## Exercise description
Exactly and only the lines from the one with "Minimalist sculpture hand" through the last line of the records need to be set down; please skip the pictures.

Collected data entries
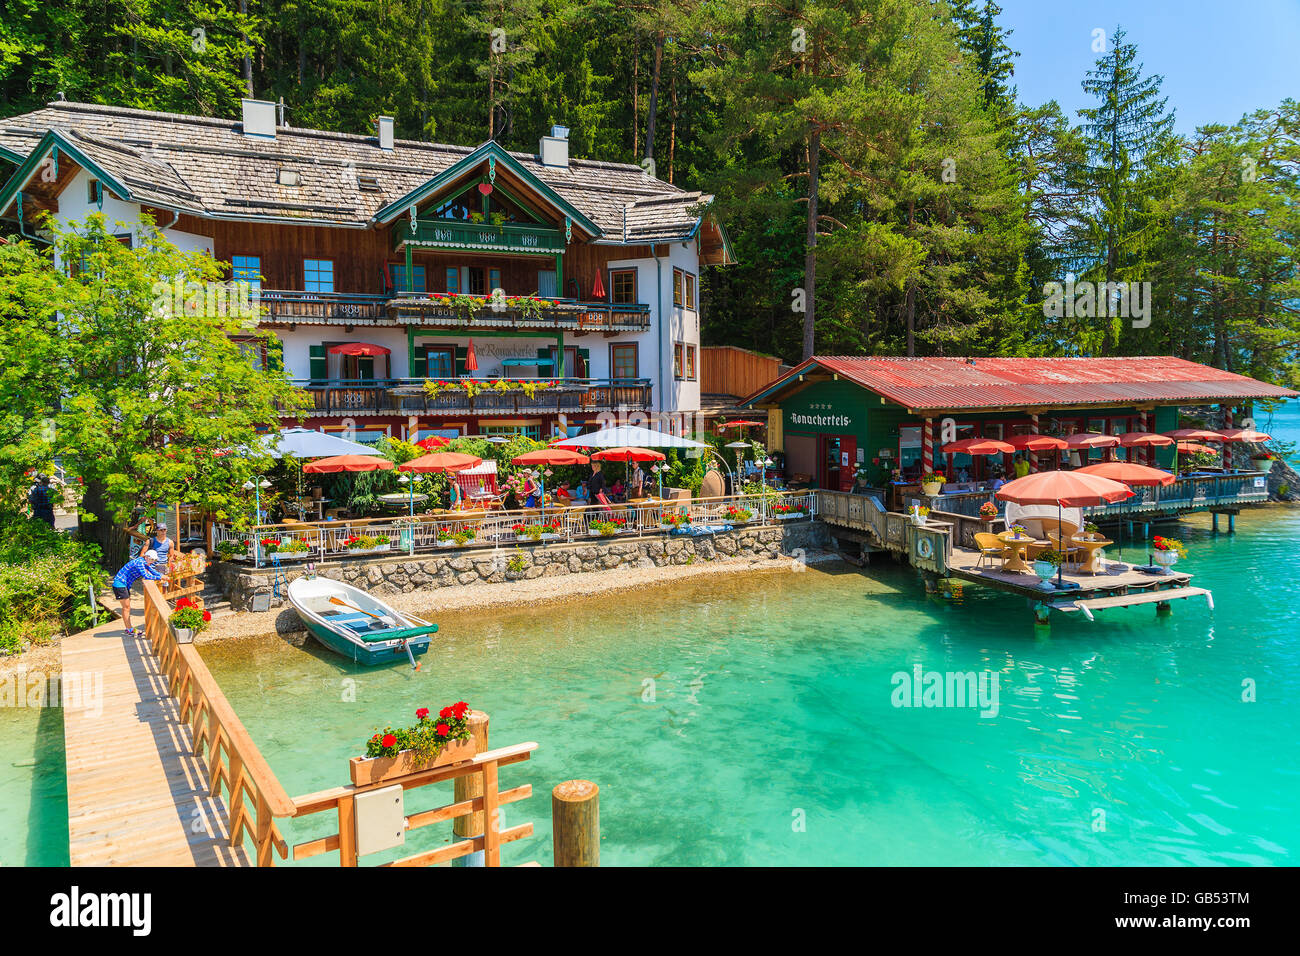 WEISSENSEE LAKE, AUSTRIA - JUL 7, 2015: restaurant and guest house on shore of Weissensee lake in summer time. Weissensee has dr Stock Photo
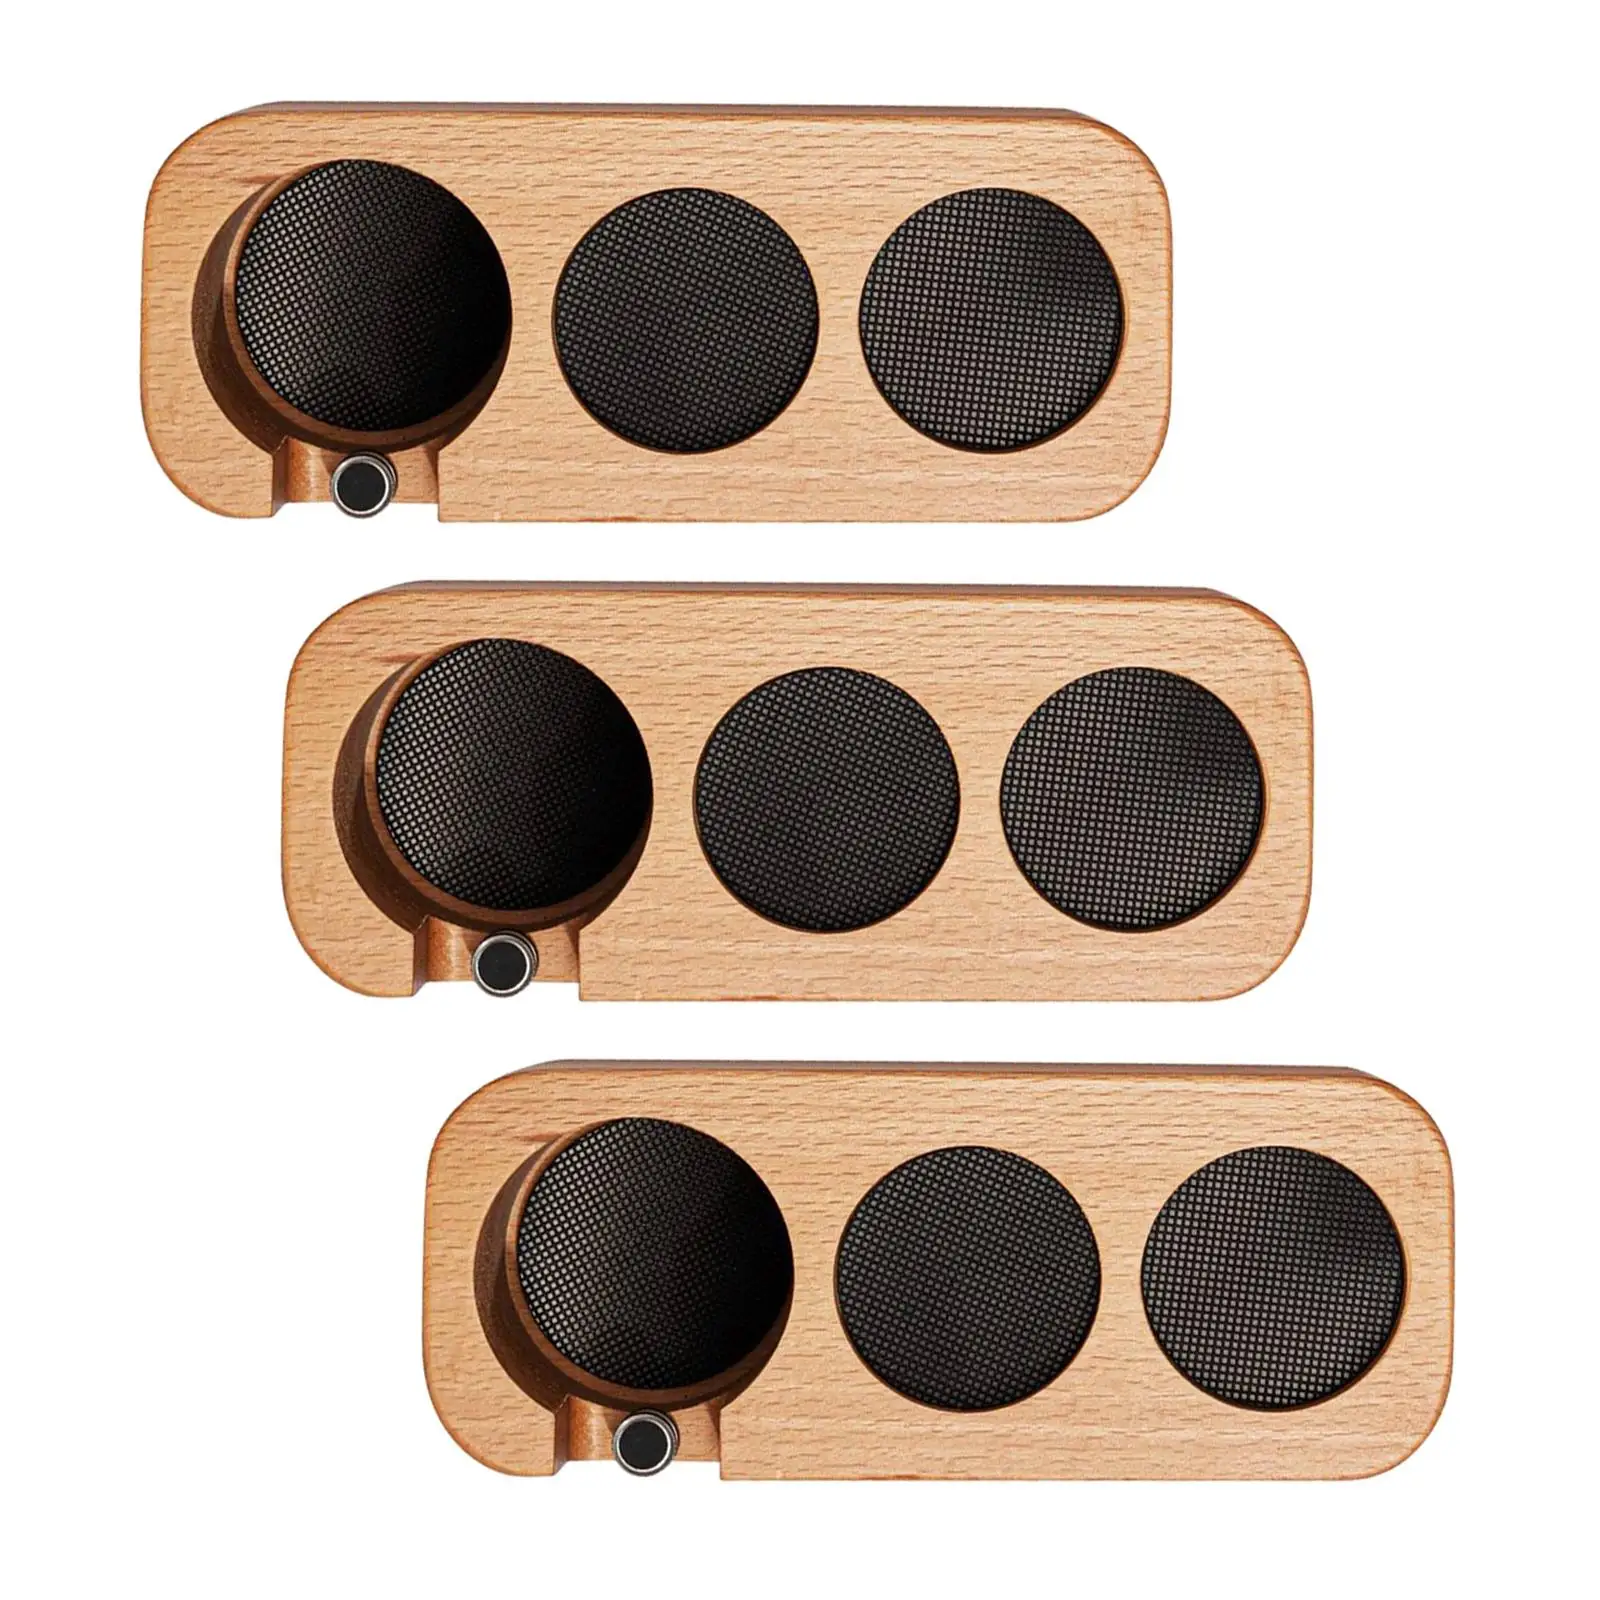 Wooden Coffee Filter Tamper Holder Wood Coffee Distributors Stand with 3 Holes
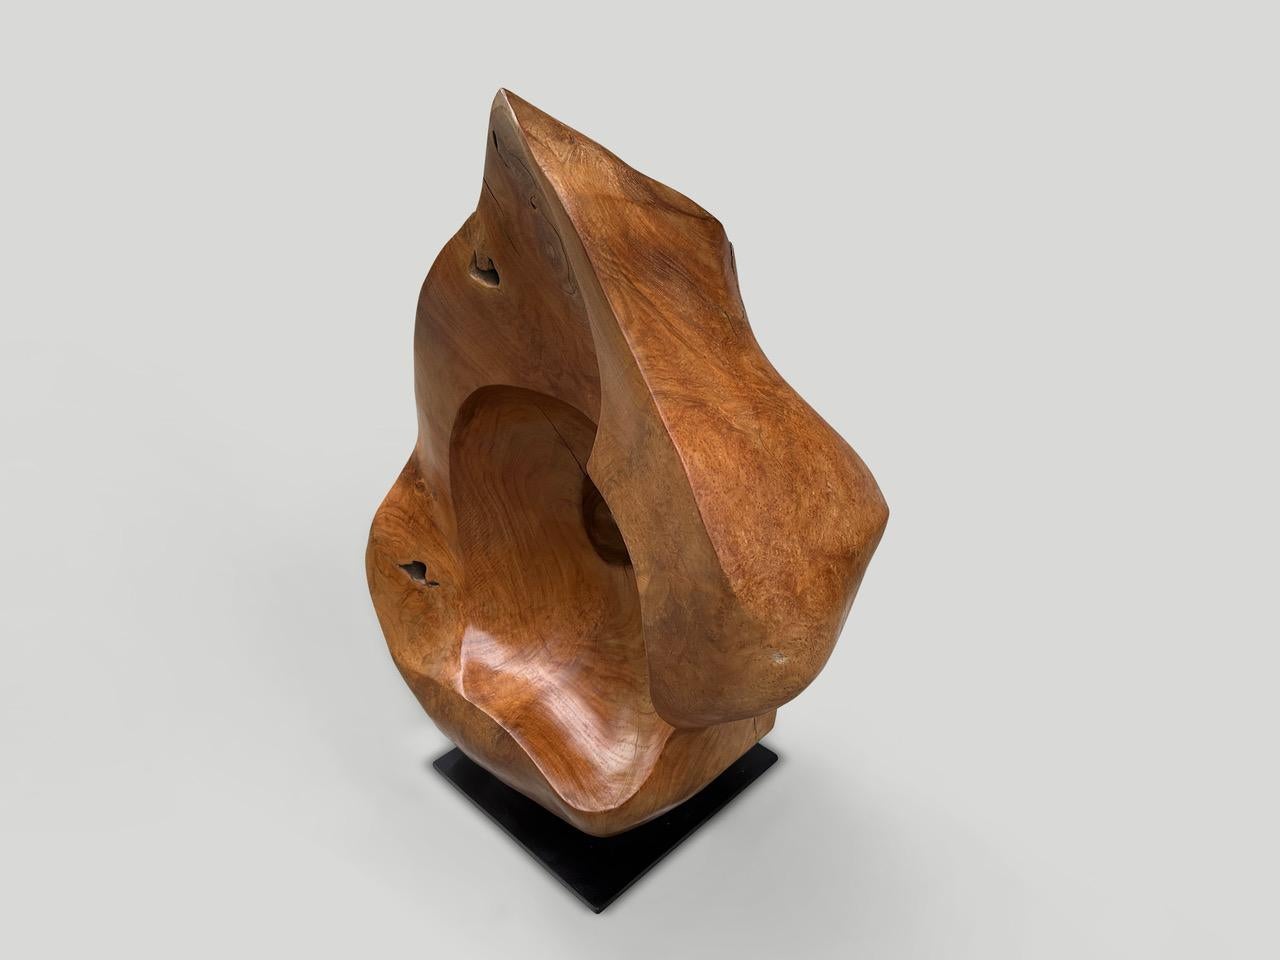 Minimalist sculpture hand carved from a single block of century old teak wood. Finished with a natural oil revealing the beautiful wood grain. Set on a modern black metal stand 12” x 12″

Own an Andrianna Shamaris original.

Andrianna Shamaris. The

## Response for this exercise
 Minimalist sculpture hand carved from a single block of century old teak wood. Finished with a natural oil revealing the beautiful wood grain. Set on a modern black metal stand 12” x 12″

Own an Andrianna Shamaris original.

Andrianna Shamaris. The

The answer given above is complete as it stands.